* Exercise aim
Nothing should appear in the answer except the lines from the one with "palace-crocs-classic-clog-release-date-price-08" through the end of the listing below, transcribed exactly and without pictures.
### Given material
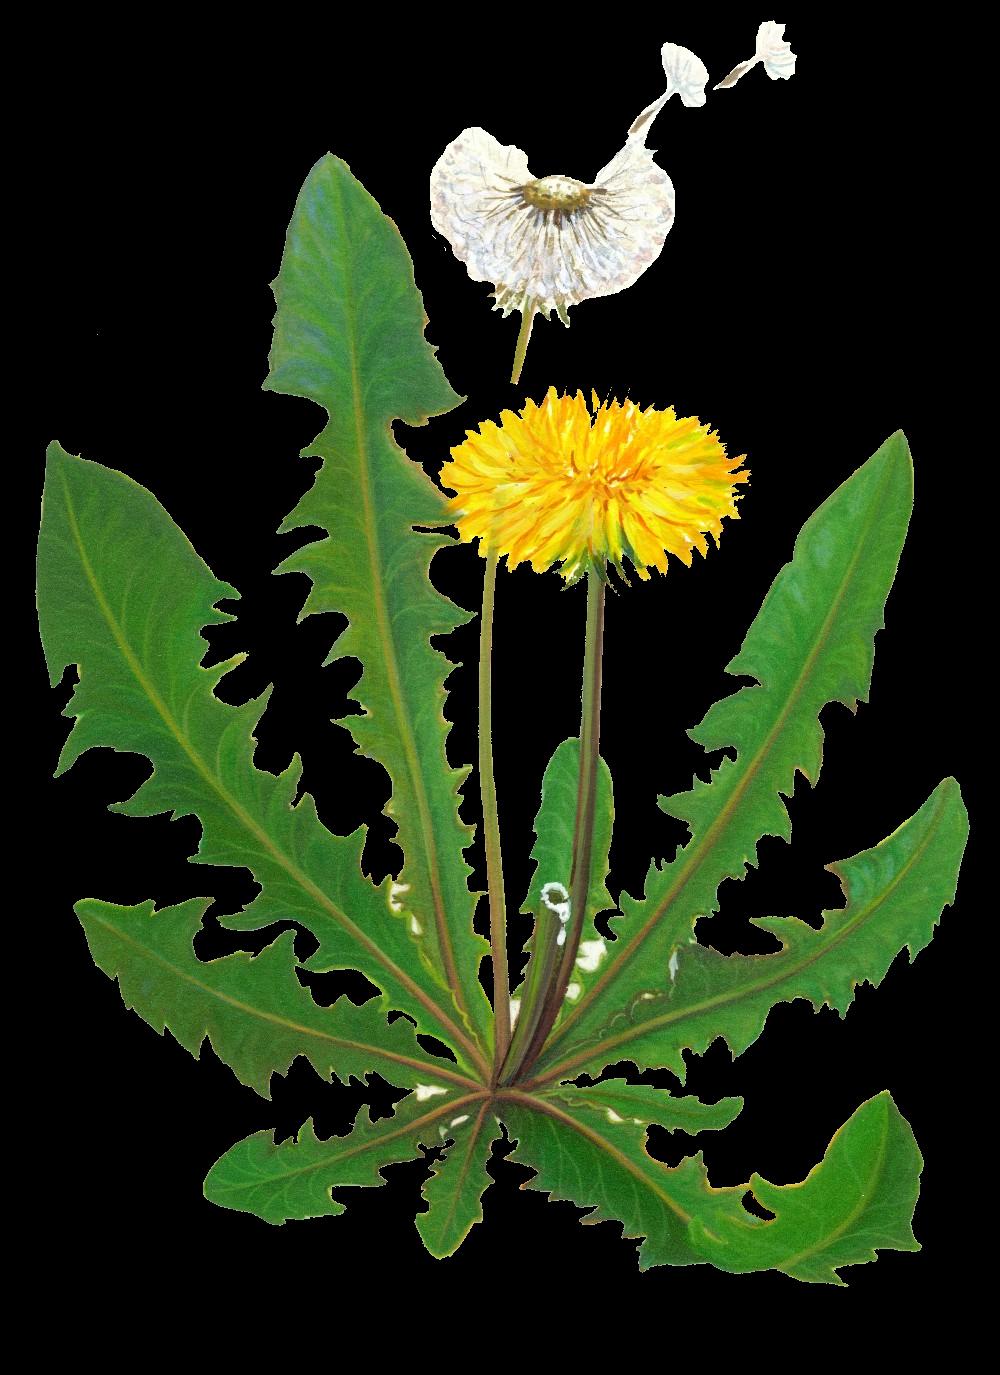 garden weeds clipart - photo #24
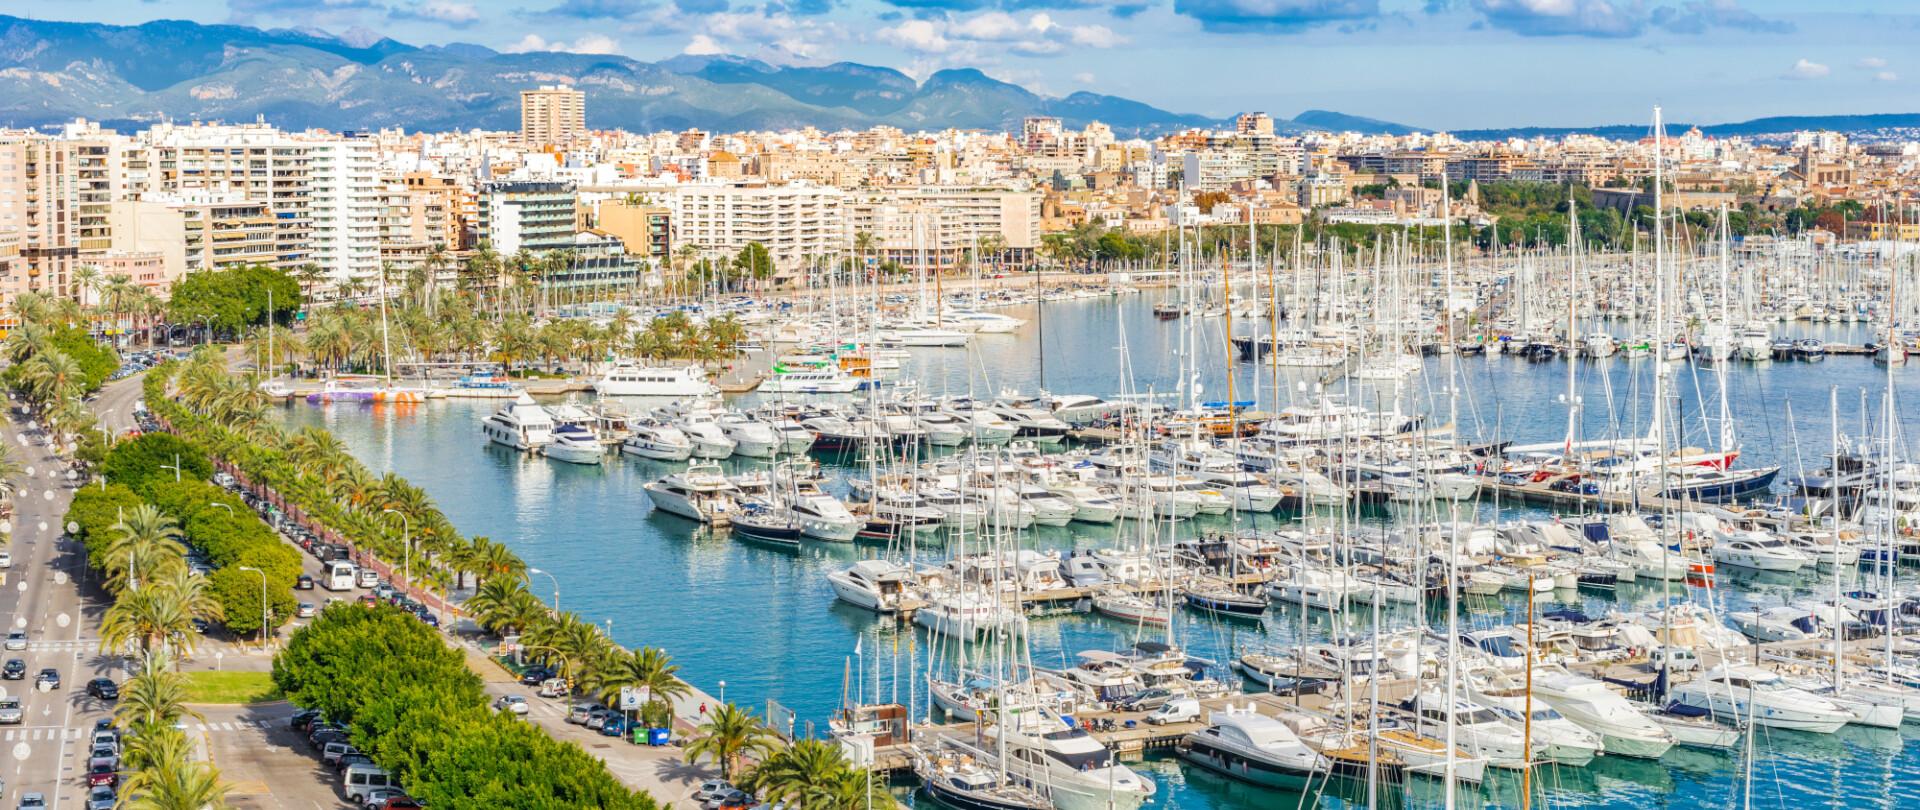 The Palma Superyacht Show 2019
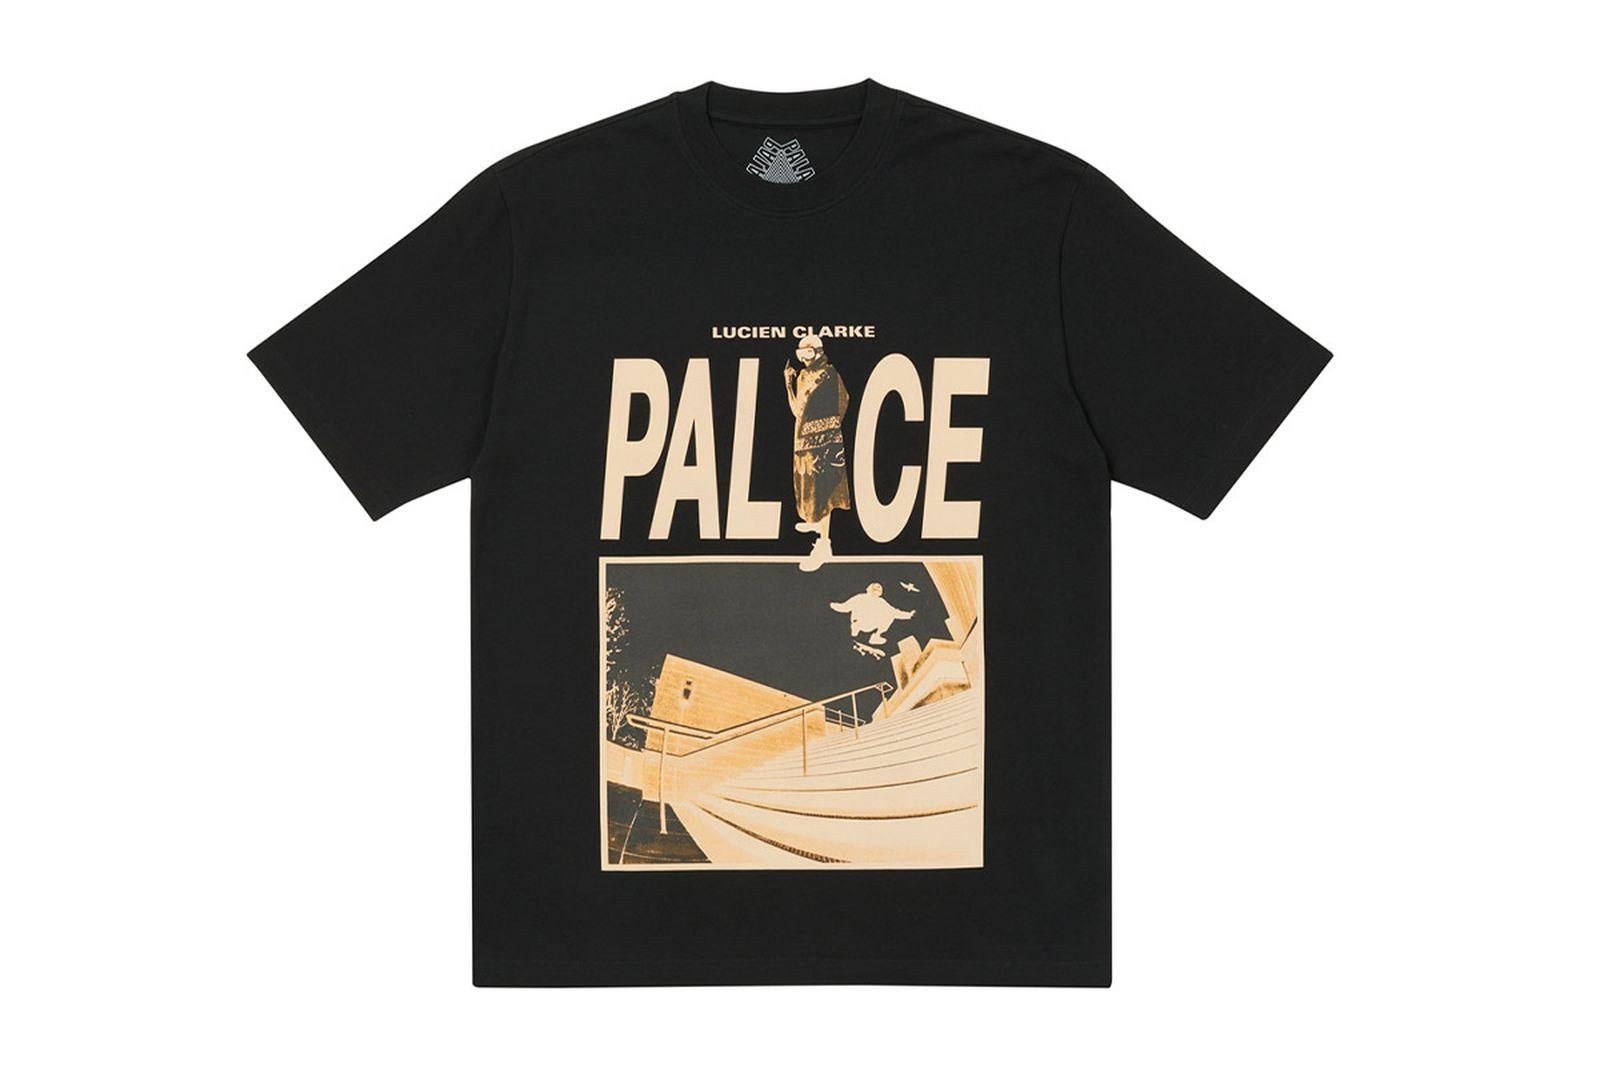 palace-crocs-classic-clog-release-date-price-08
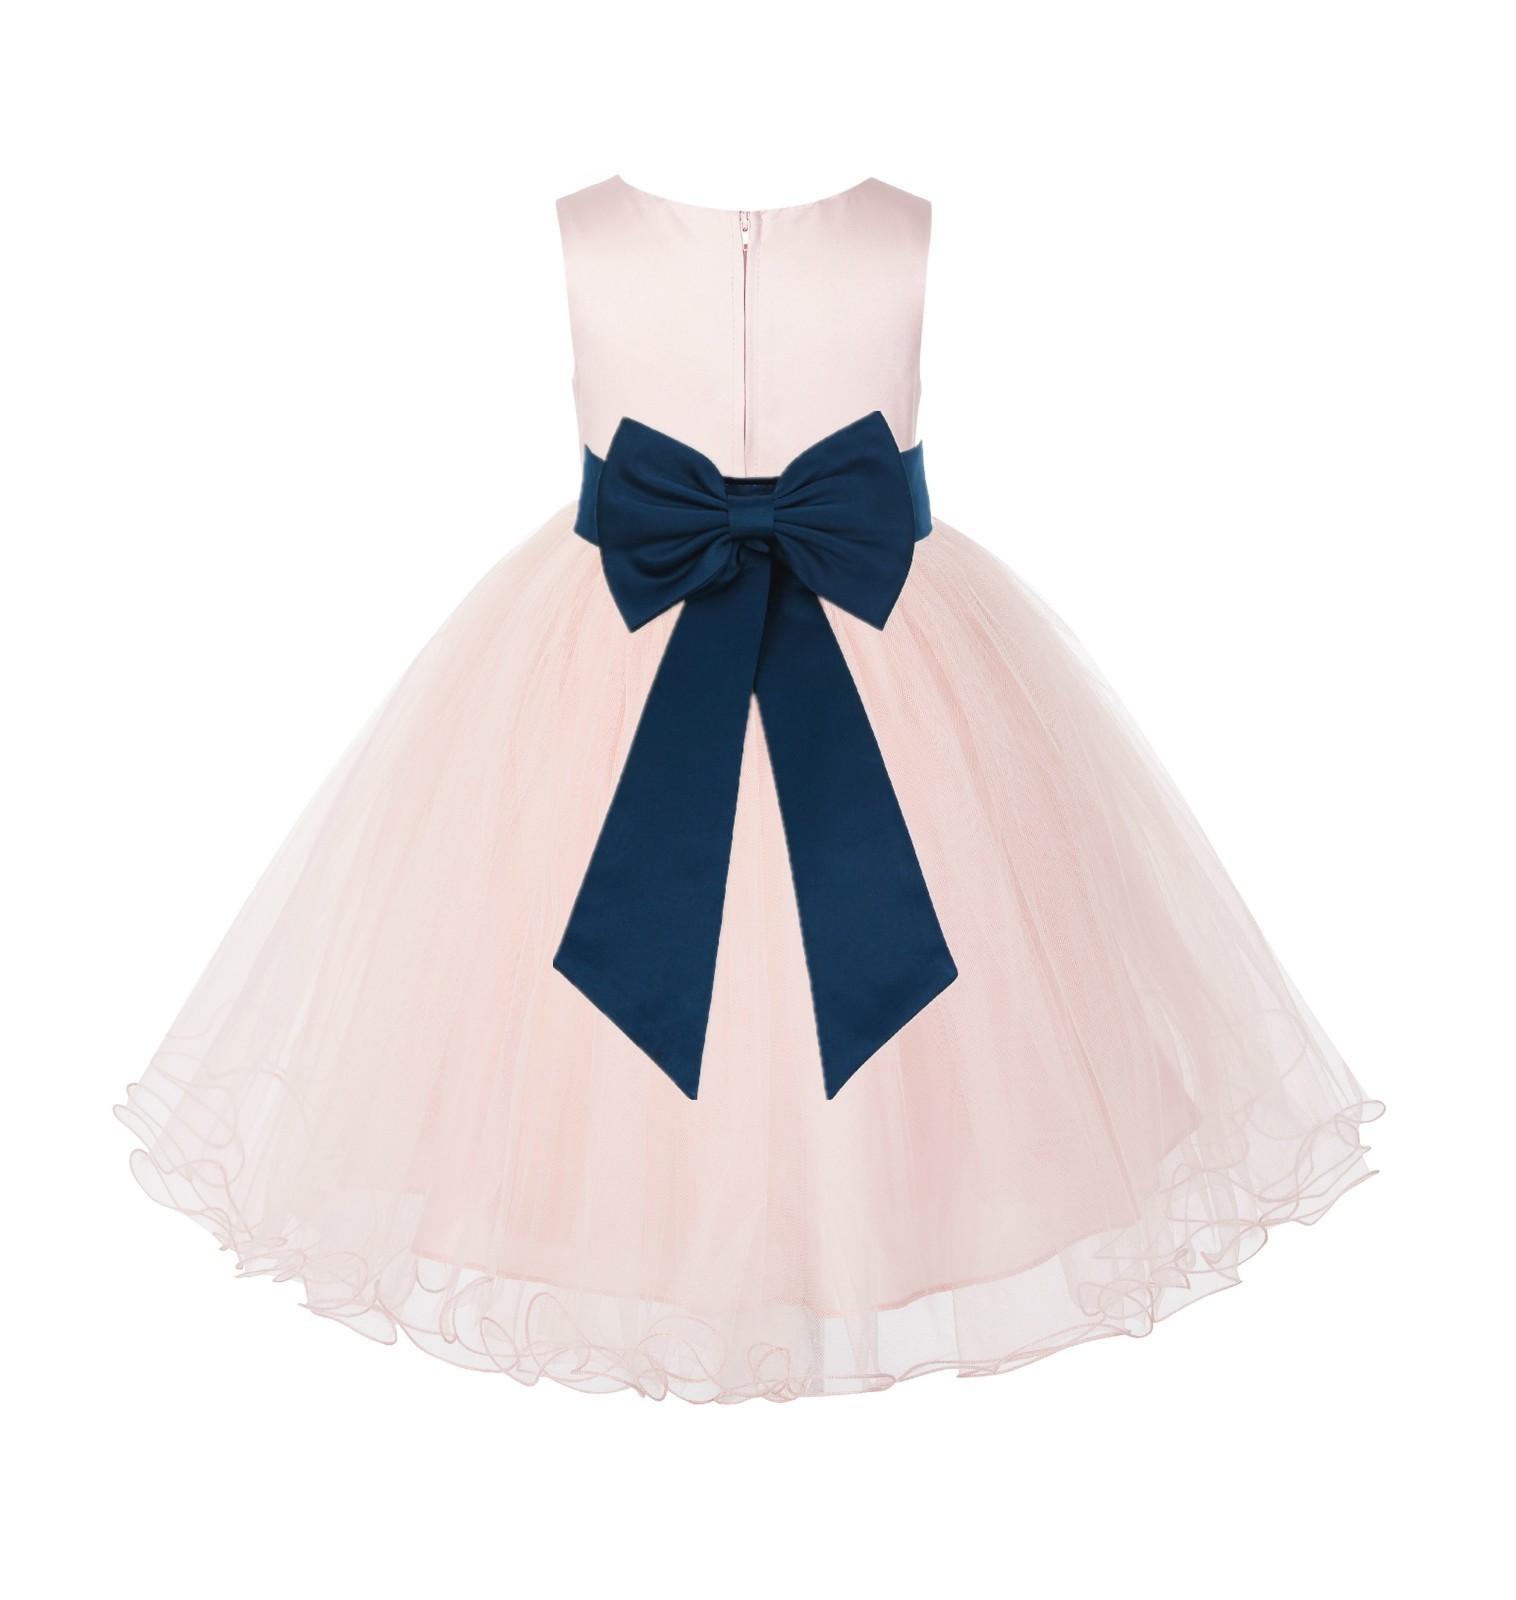 Blush PInk / Peacock Tulle Rattail Edge Flower Girl Dress Wedding Bridesmaid 829T
######
* Answer box
 palace-crocs-classic-clog-release-date-price-08
 Blush PInk / Peacock Tulle Rattail Edge Flower Girl Dress Wedding Bridesmaid 829T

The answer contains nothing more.